Dealing With The Danger Of Fake Videos
Every company that creates media using AI is faced with the problem of deep fakes — content that can be real to the point of misleading the audience into believing in its authenticity. According to a Georgetown University report, the Russian disinformation ploy in the 2016 US presidential election could be a template for both foreign governments and non-state actors to use AI/ML deepfakes that destabilise countries.
Since the accepted definition of deepfakes is limited to swapping facial expressions, body movements or dialogue between two characters, Rephrase.ai technology doesn’t technically fall under the deepfake category.
But what’s to stop a user from manipulating hundreds of hours of camera facing footage and audio tracks of political leaders to create a fake video?
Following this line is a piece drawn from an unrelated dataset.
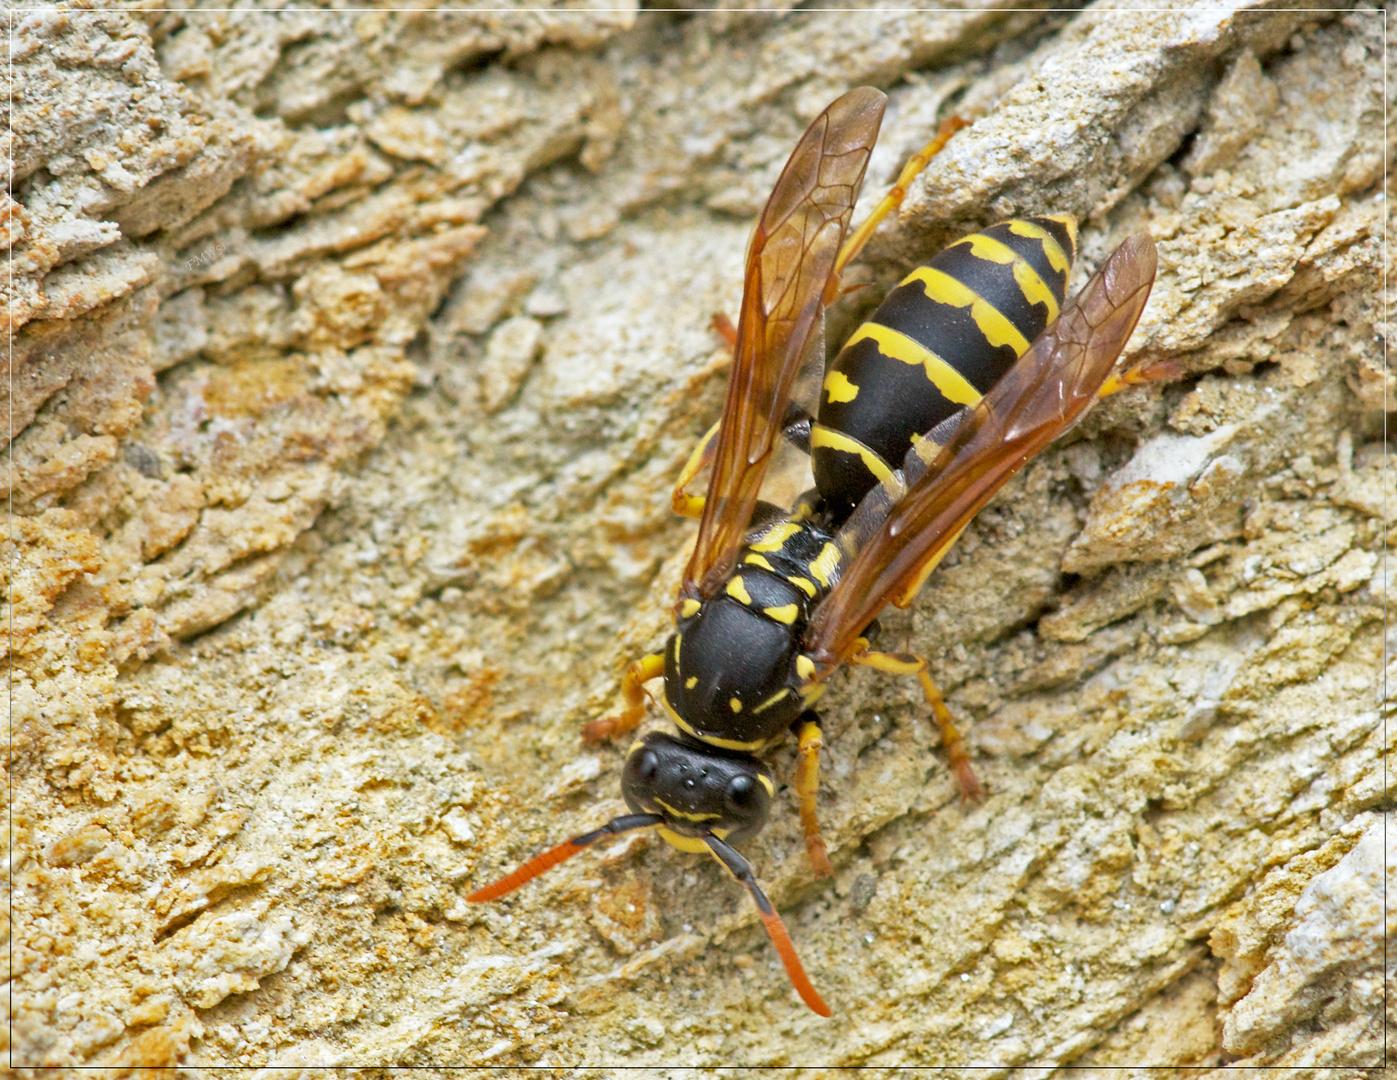 Wespe inspiziert eine alte Trockenmauer
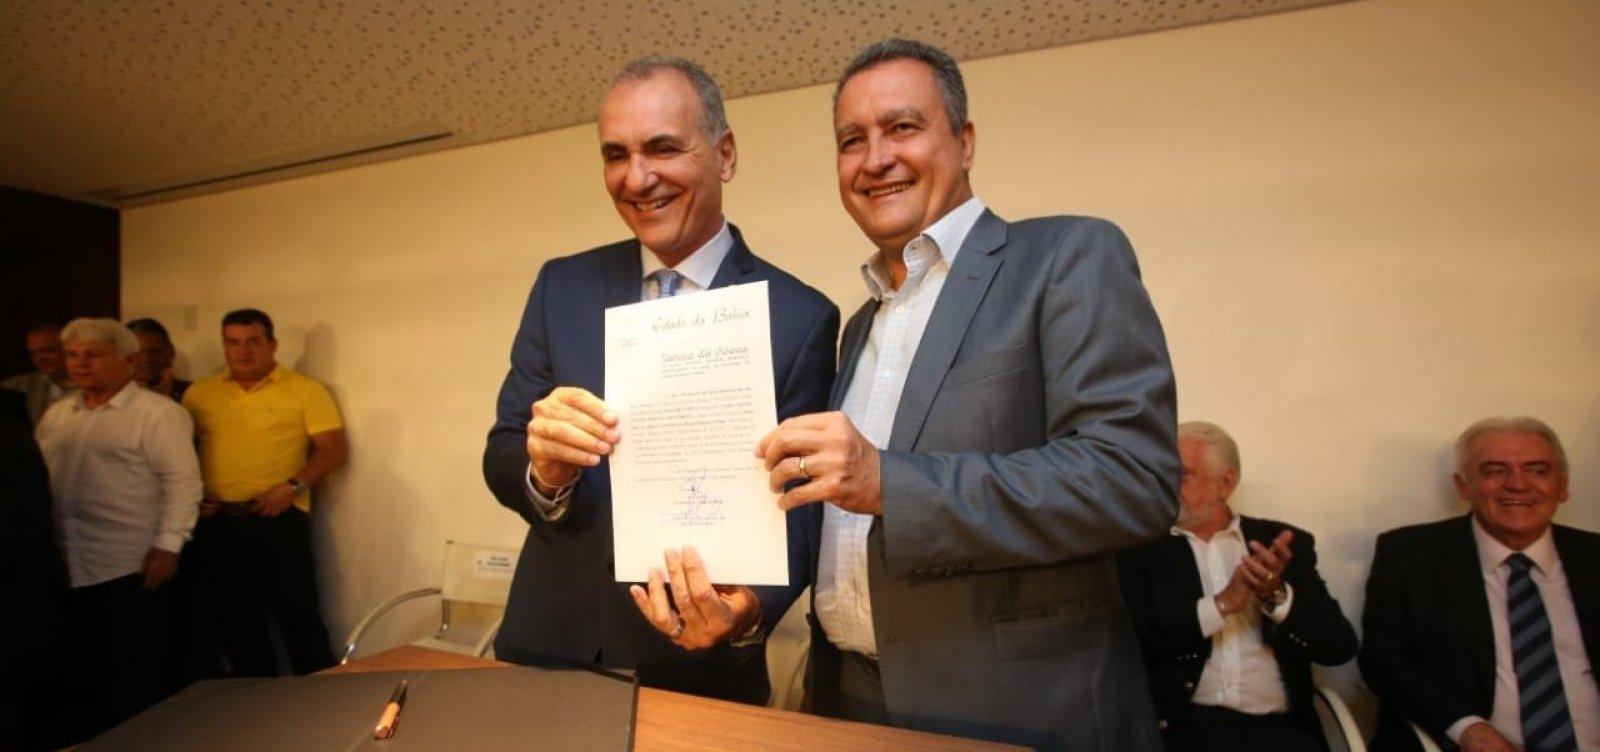 Rui dá posse a Nelson Pelegrino como novo titular da Sedur

Malhotra said that the startup doesn’t allow any political content to be created on its platform and businesses are made to sign an agreement to not use it for any ulterior motives.
Besides, all requests for video creation are monitored by the company as of now and as the number of videos produced on the platform scales up, Rephrase.ai would deploy technology to track all the content generated. Moreover, though companies are allowed to onboard footage of their own sales representatives to the platform, each of those are vetted by the startup.
“As founders we left our earlier jobs because we see that there’s a big enough commercial value for good uses of this technology. And that’s where we want to build the company,” said Malhotra.